Digital technology will make your businesses more competitive, but Kapadia says you need to take a gradual approach: “Think big, start small and scale fast. Trying to tackle too much, too soon will slow you down and make it harder to implement,” he says.

“My recommendation is start with a specific use case, stay focused on the why and continue to apply the lessons learned. It’s a key starting point to justify investment so you’re not asking for millions of pounds to start the ball rolling,” he adds.

If your firm hasn’t started yet, you are by no means alone. A global survey by PwC at the end of 2021 found that two-thirds of manufacturers are still at the start of their digital journey. Only 3% of the firms surveyed said they had a fully digital factory.
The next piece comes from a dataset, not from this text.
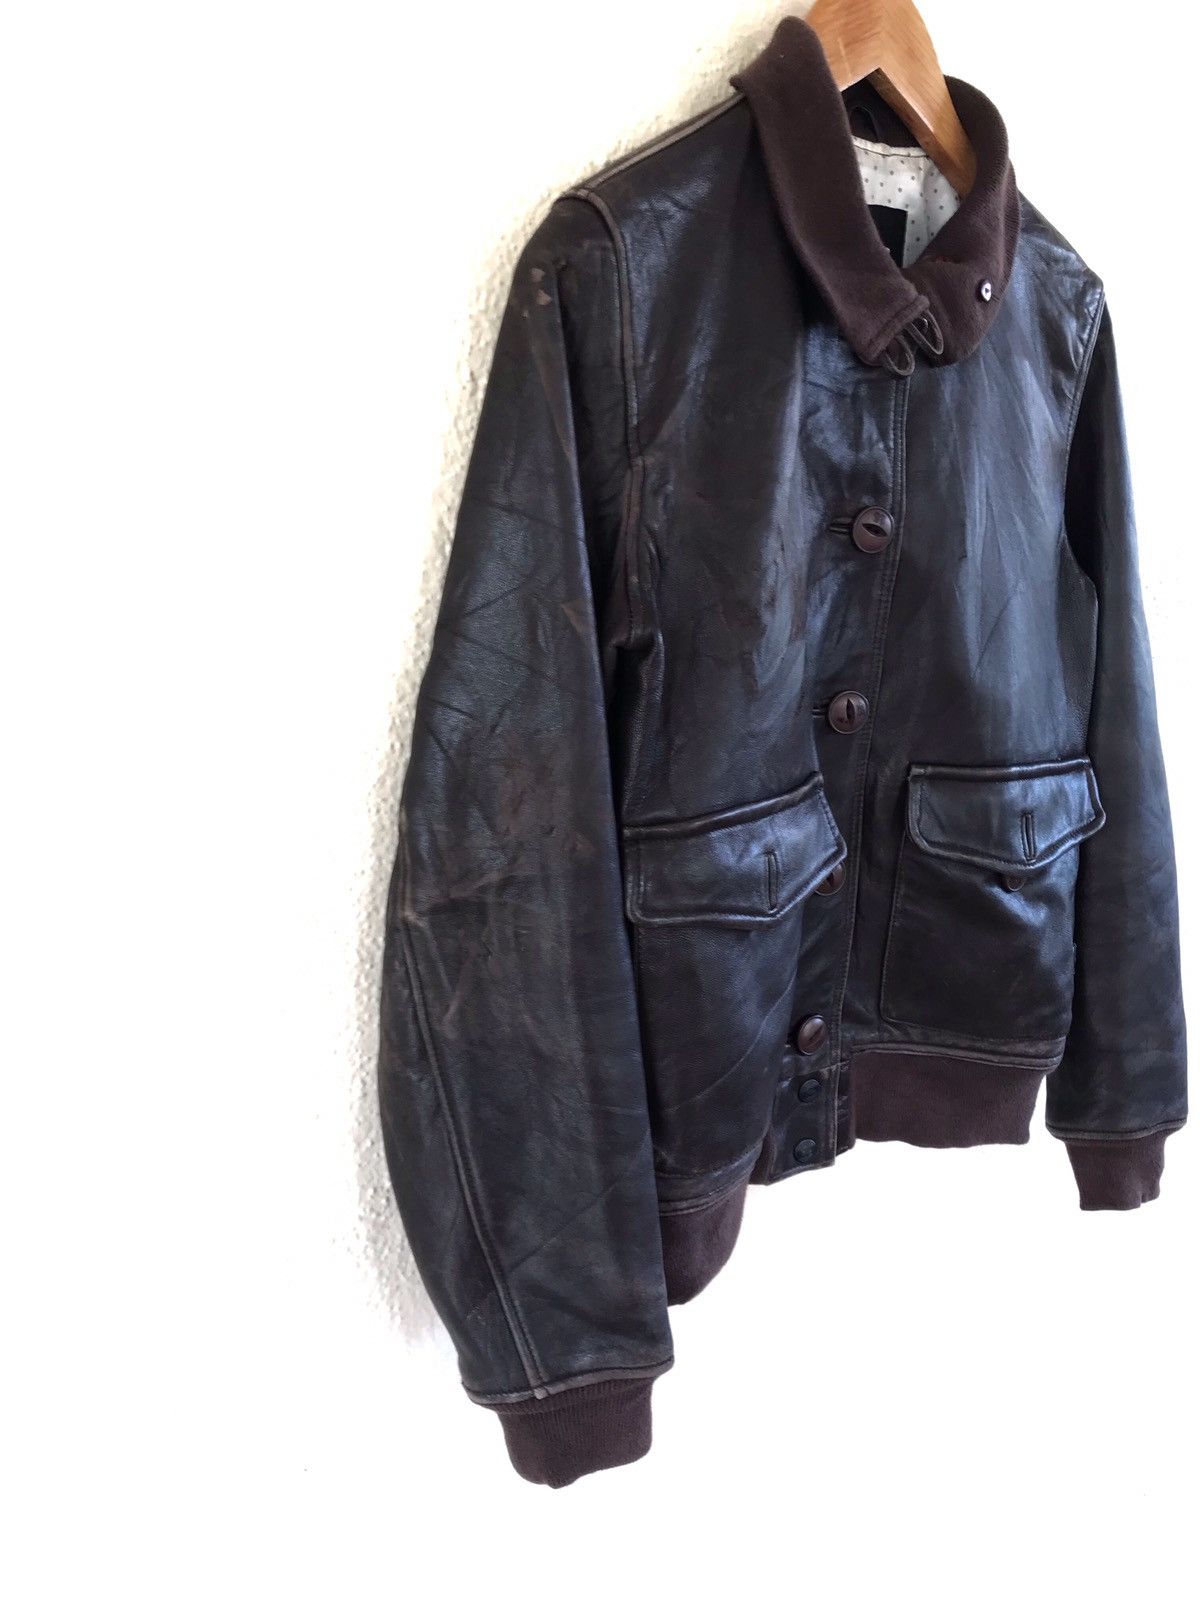 Neighborhood Leather Jacket - 3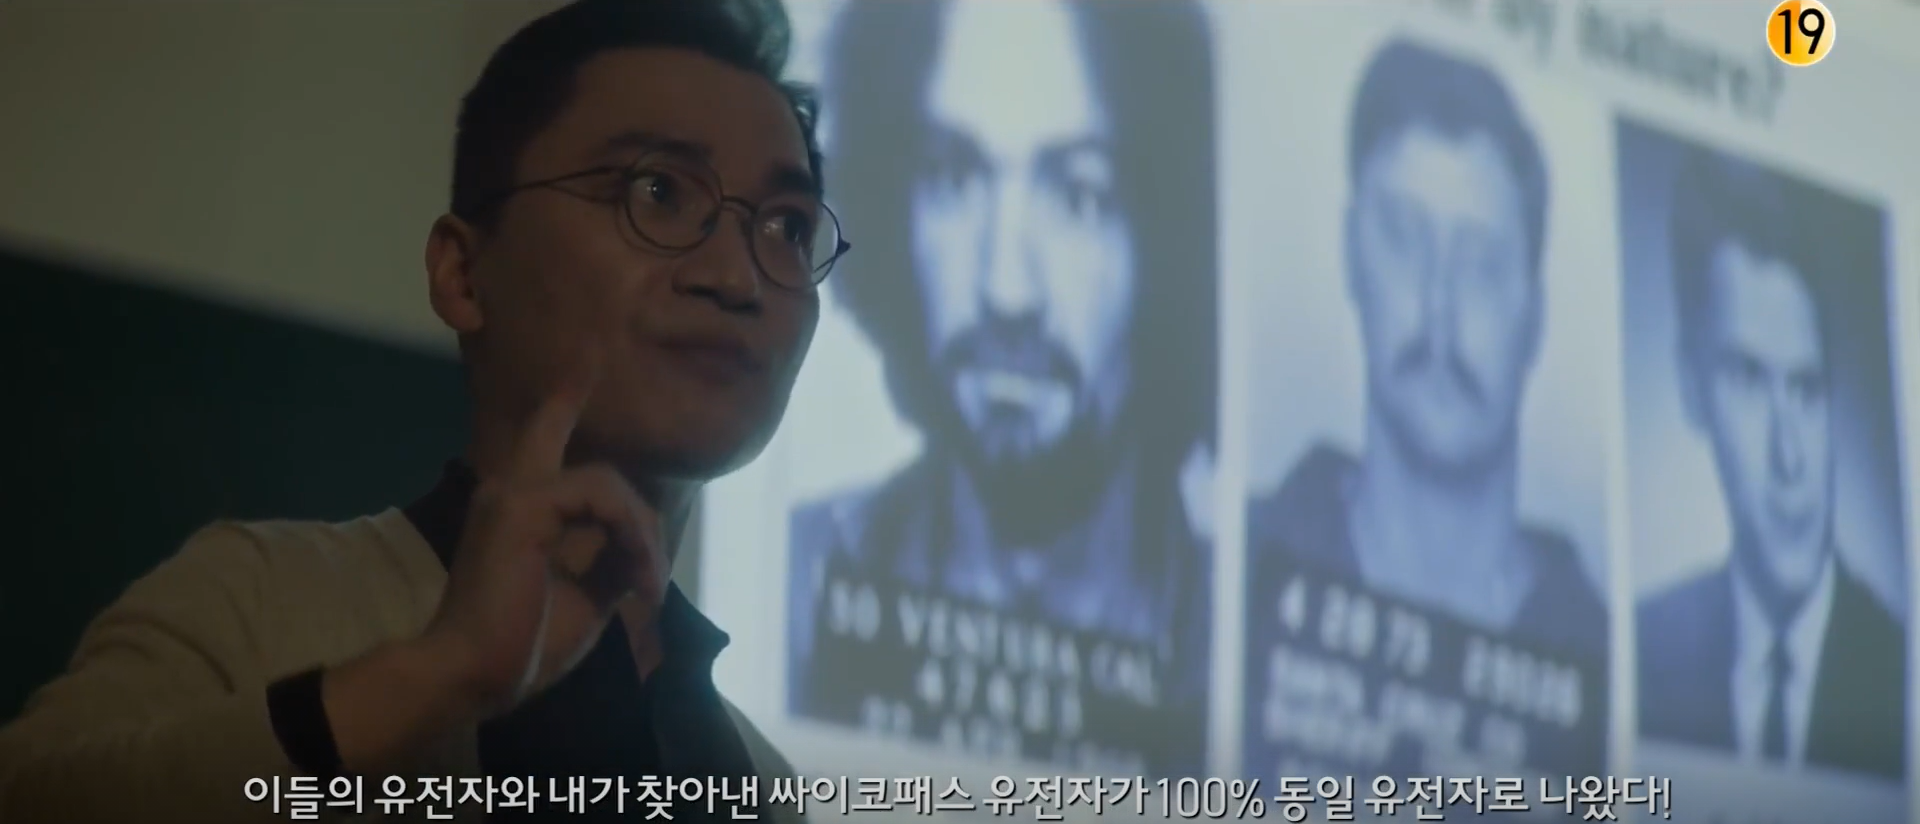 mouse korean drama review - daniel lee

It’s a picture Ian Clarke recognises. “In almost every business I visit, not all of the machines are connected into a site-wide digital strategy,” he says. “Many companies struggle to create a sensible strategy for how they’re going to find out what is going on in those machines.

“In the very biggest companies, of course, it’s happening. But the vast majority of British manufacturing and process industries fall into the category of SMEs and they’re totally under-connected when it comes to a site-wide digital strategy.

“I see them every week. They might have spent half a million pounds on a machine but if they want to find out what’s going on with it, they have to walk up to it or speak to the machine operator who gives them a piece of paper with the batch records.”

A game changer for maintenance engineers
PwC’s survey acknowledges that going digital is a major challenge for companies of all sizes, because it will involve looking again at your organisation, the skills of your people - to say nothing of obtaining investment in the project.

Gary Harvey, Head of Field Services at RS UK & Ireland, says many smaller companies struggle to go digital. “They haven’t really got a plan to move them from where they are now to where they’d like to be, which is usually, to be in more control than they are today,” he says.

“Condition monitoring is as simple as giving you an extra piece of information. You can then use that information to help make a decision about when you do maintenance at a time convenient to you.”

“We can now gather huge volumes of data that can often directly or indirectly infer the condition of industrial machines. And that’s a real game changer.”Dr Moray Kidd, Maintenance Engineering Academic

Dr Moray Kidd, Maintenance Engineering Academic, sums up the benefits. “We can now gather huge volumes of data that can often directly or indirectly infer the condition of industrial machines. And that’s a real game changer.” he says.

But it’s what you do with the data that counts, he adds.

“Some companies are sat back gathering large volumes of data, even using machine learning. But they’re not acting on that data and they won’t see a difference in operational performance.”